Data for analysis

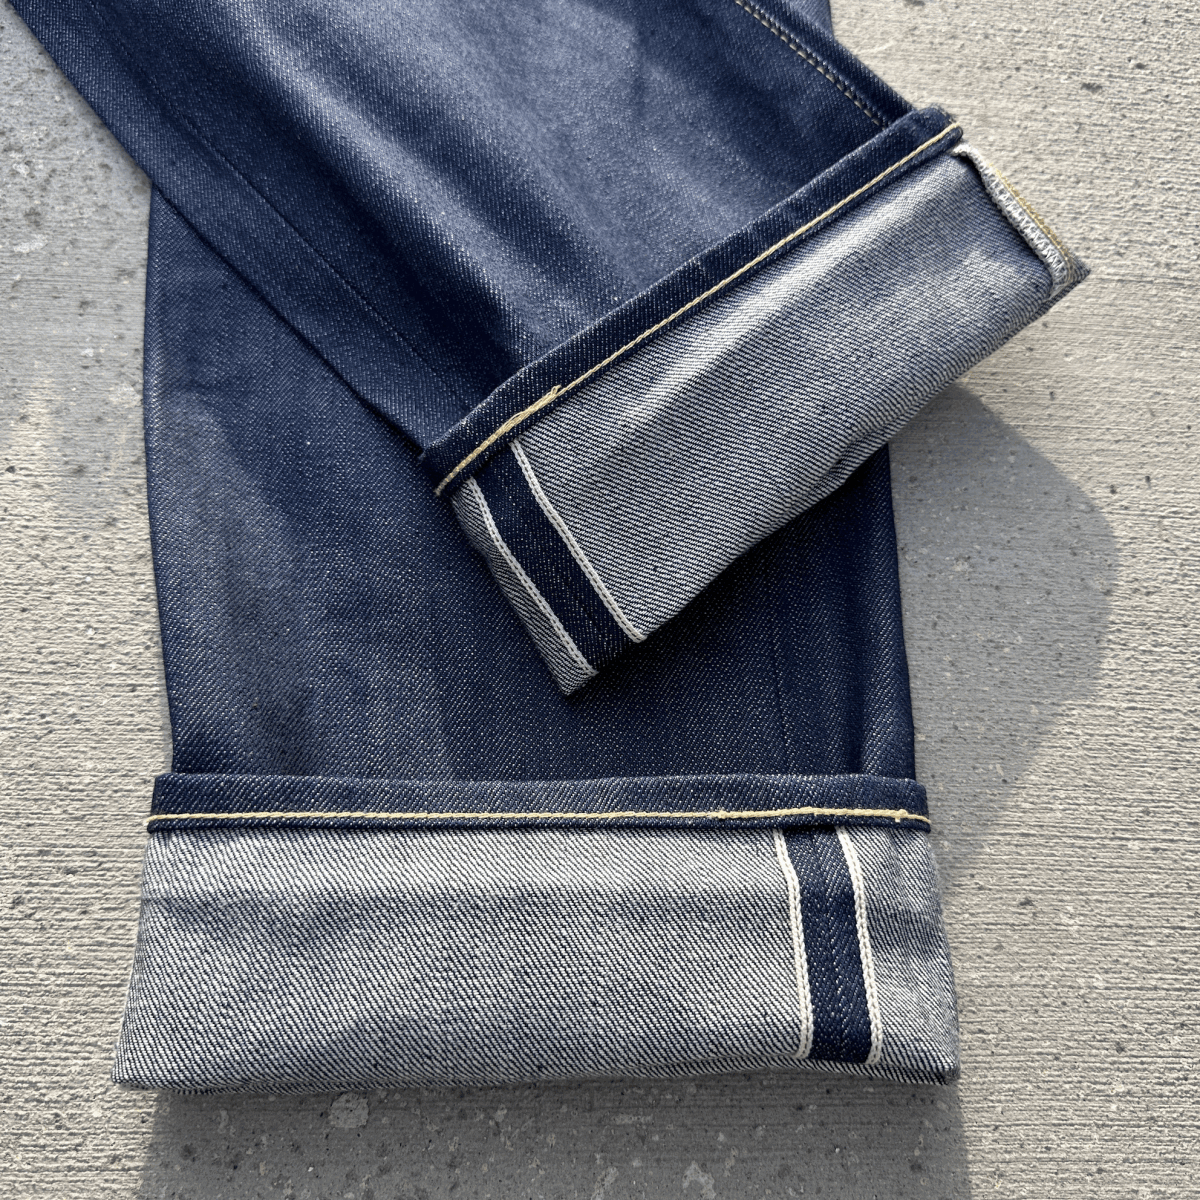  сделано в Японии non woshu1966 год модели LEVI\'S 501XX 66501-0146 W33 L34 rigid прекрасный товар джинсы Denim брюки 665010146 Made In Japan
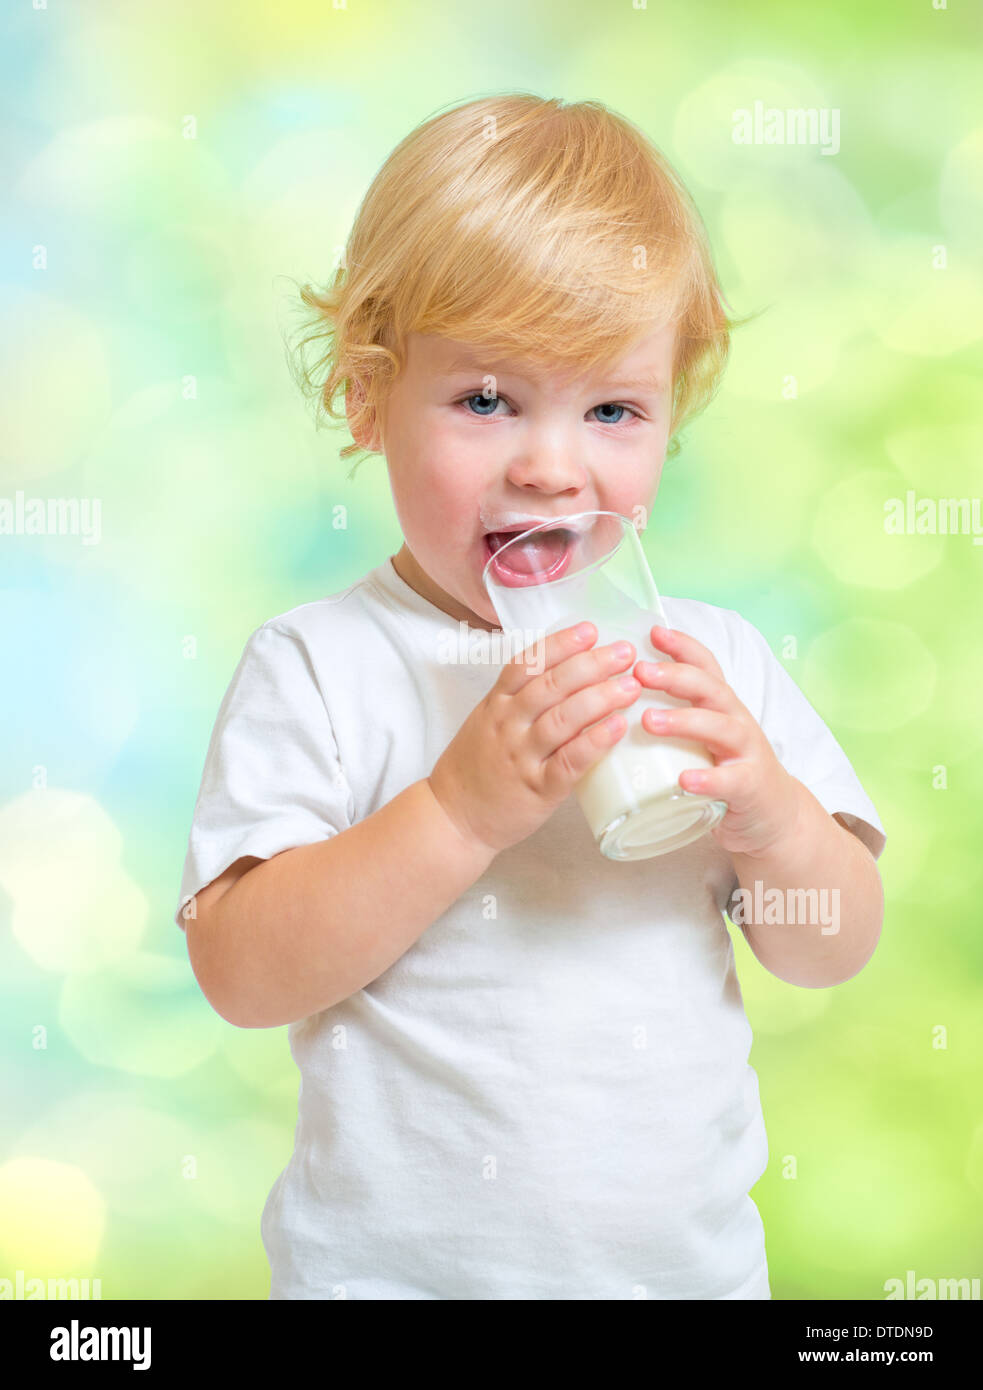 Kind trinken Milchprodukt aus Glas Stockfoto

---

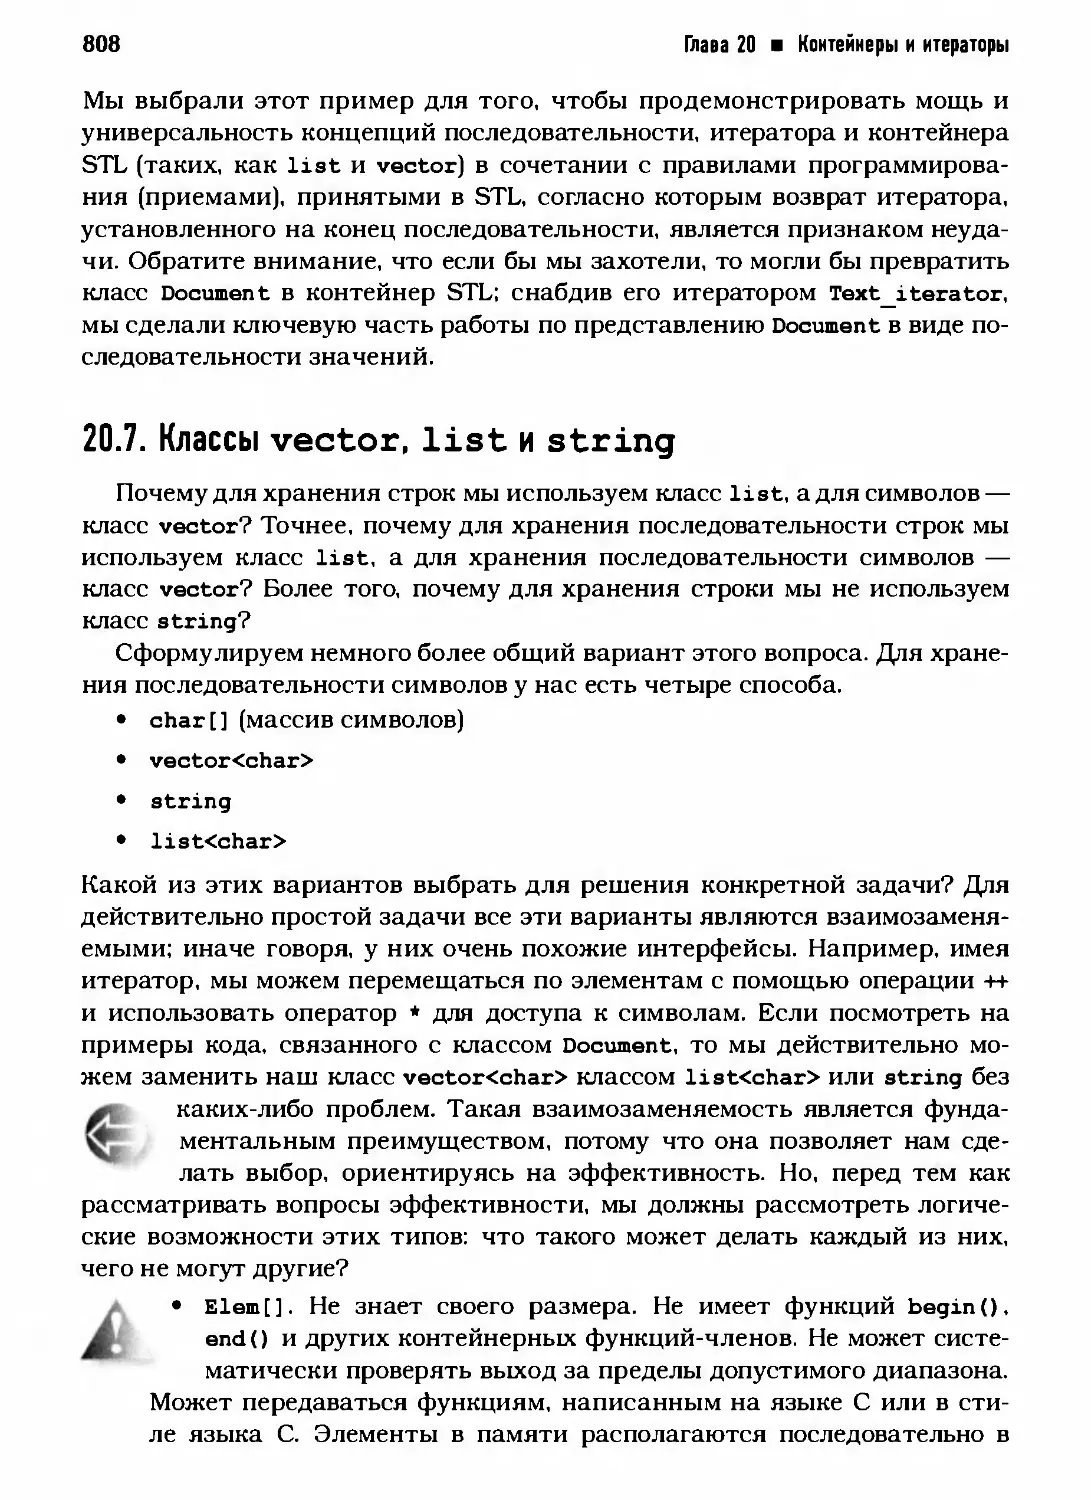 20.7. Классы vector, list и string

--

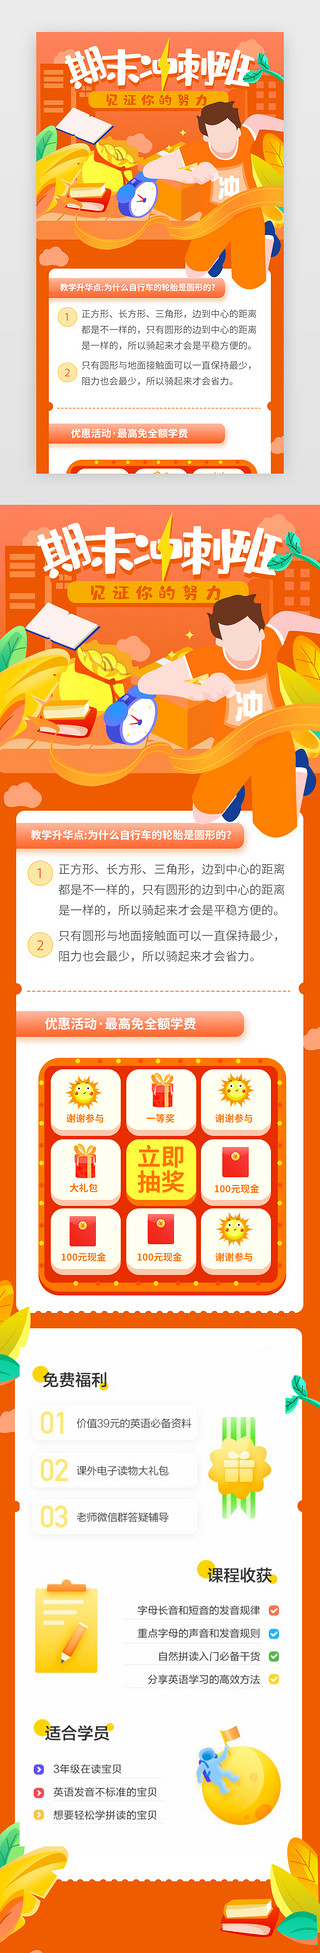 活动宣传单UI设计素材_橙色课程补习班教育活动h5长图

Your goal
The answer should consist only of the lines above from the one with "сделано в Японии" through the one with "Kind trinken Milchprodukt aus Glas Stockfoto", repeated exactly, with no pictures among them.

Exercise answer
  сделано в Японии non woshu1966 год модели LEVI\'S 501XX 66501-0146 W33 L34 rigid прекрасный товар джинсы Denim брюки 665010146 Made In Japan
 Kind trinken Milchprodukt aus Glas Stockfoto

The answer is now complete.